Lest I be too harsh, AKSE is not the only place that defaults to mediocrity due to inability to engage the most capable baalebatim.  yutorah.org presented a wonderful symposium recently on this reality that has pervaded many synagogues.

http://www.yutorah.org/lectures/lecture.cfm/773422/Dr_David_Pelcovitz/Leadership_Influence_and_Professionalism__

There are entrepreneurs and there are corporate system managers.  There are people who work with what is there and there are people whose talent is to pursue what might be.  All four are not only needed for a place to thrive but all four need to be valued to for what they bring to the composite.  That has not been the case at AKSE for some time.  There are only two entrepreneurial visionaries which may be what is needed but the most capable third got lopped off.  There is no outreach to legitimate talent that would prefer to stand outside the tent and pee in.  As annoying as they sometimes are, or maybe more accurately as we sometimes are, they protect you from a course of mediocrity misrepresented as pseudoexcellence.  Increasingly AKSE has not been a place that justifies the benefits of laytzanos.  Its results reflect that.  Nobody puts themselves out to read more than a shlish of Torah or a haftarah that was not their Bar Mitzvah portion.  It is dominated by functionaries who fill slots in schedules.  They get filled but nobody gets the satisfaction inherent in meeting a new challenge.
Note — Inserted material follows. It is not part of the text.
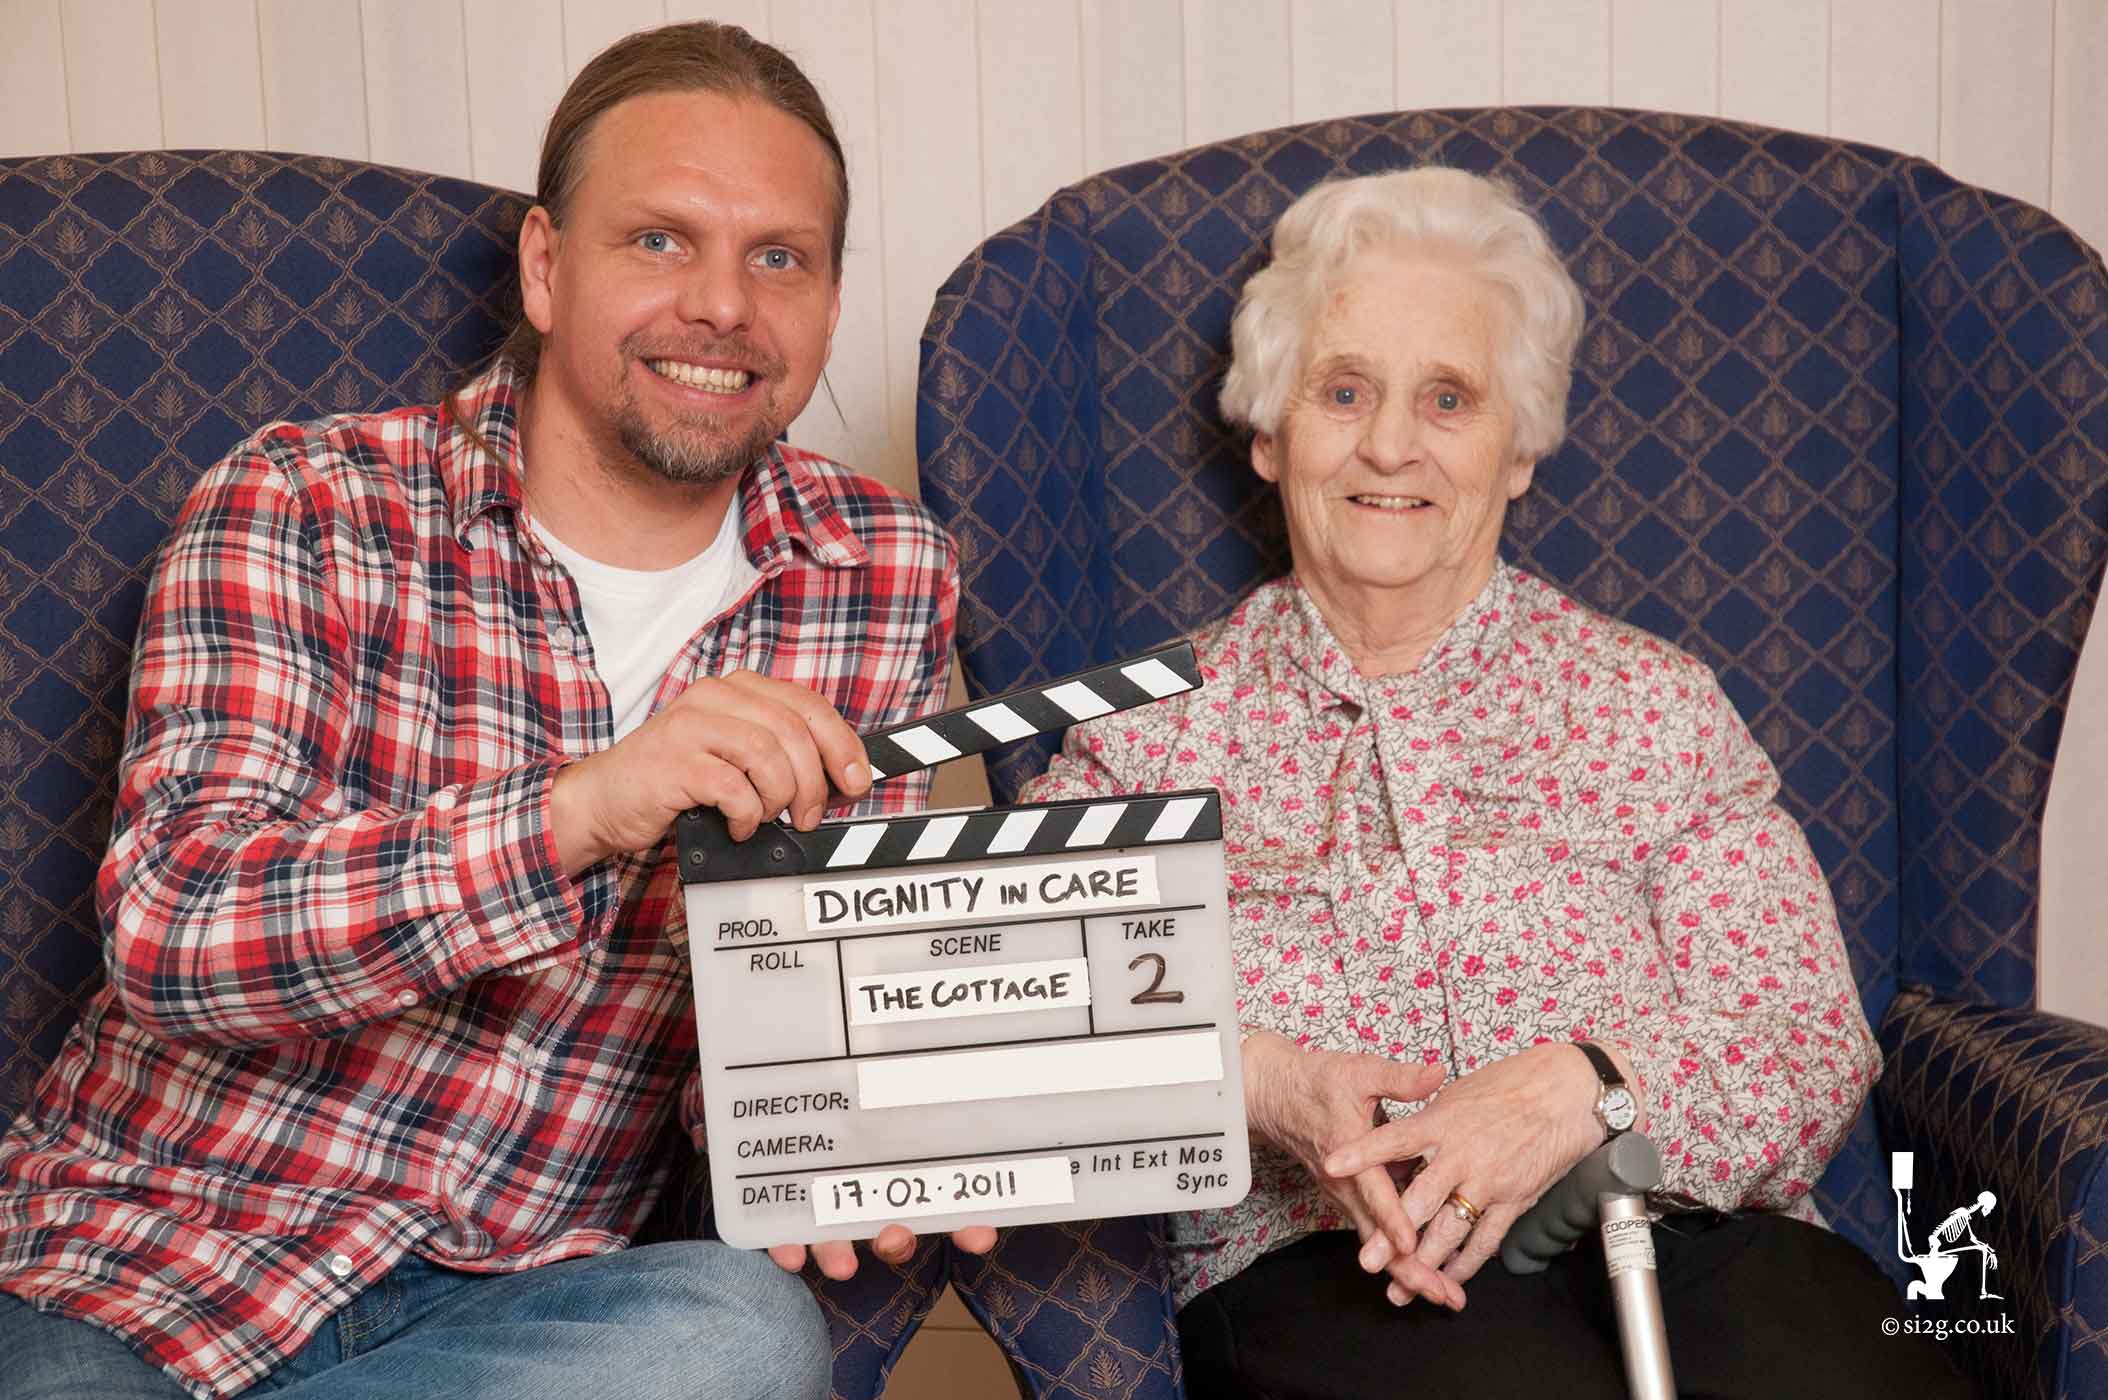 Clapper Board - Simon filming a resident of a care home.  Clapperboards are the best way of keeping your footage organised.  They are like labels for each and every shot and they are a sign that the crew have already planned what they would like to shoot.

A dearth of baalebatim may have infused much of the Jewish world, one in which people increasingly seem rewarded more for their loyalty than their ability.  There really are people of ability around pursuing the things that challenge and satisfy them.  The Jewish organizational world, AKSE among them, has just accepted less than it could have had.  Unfortunately projects like the Nominating Committee functioning as a Telephone Tree for the President when it should be an analytical body assessing what different people can do to make AKSE a more attractive place reinforce the impression that other forums value talent, energy, and diversity more.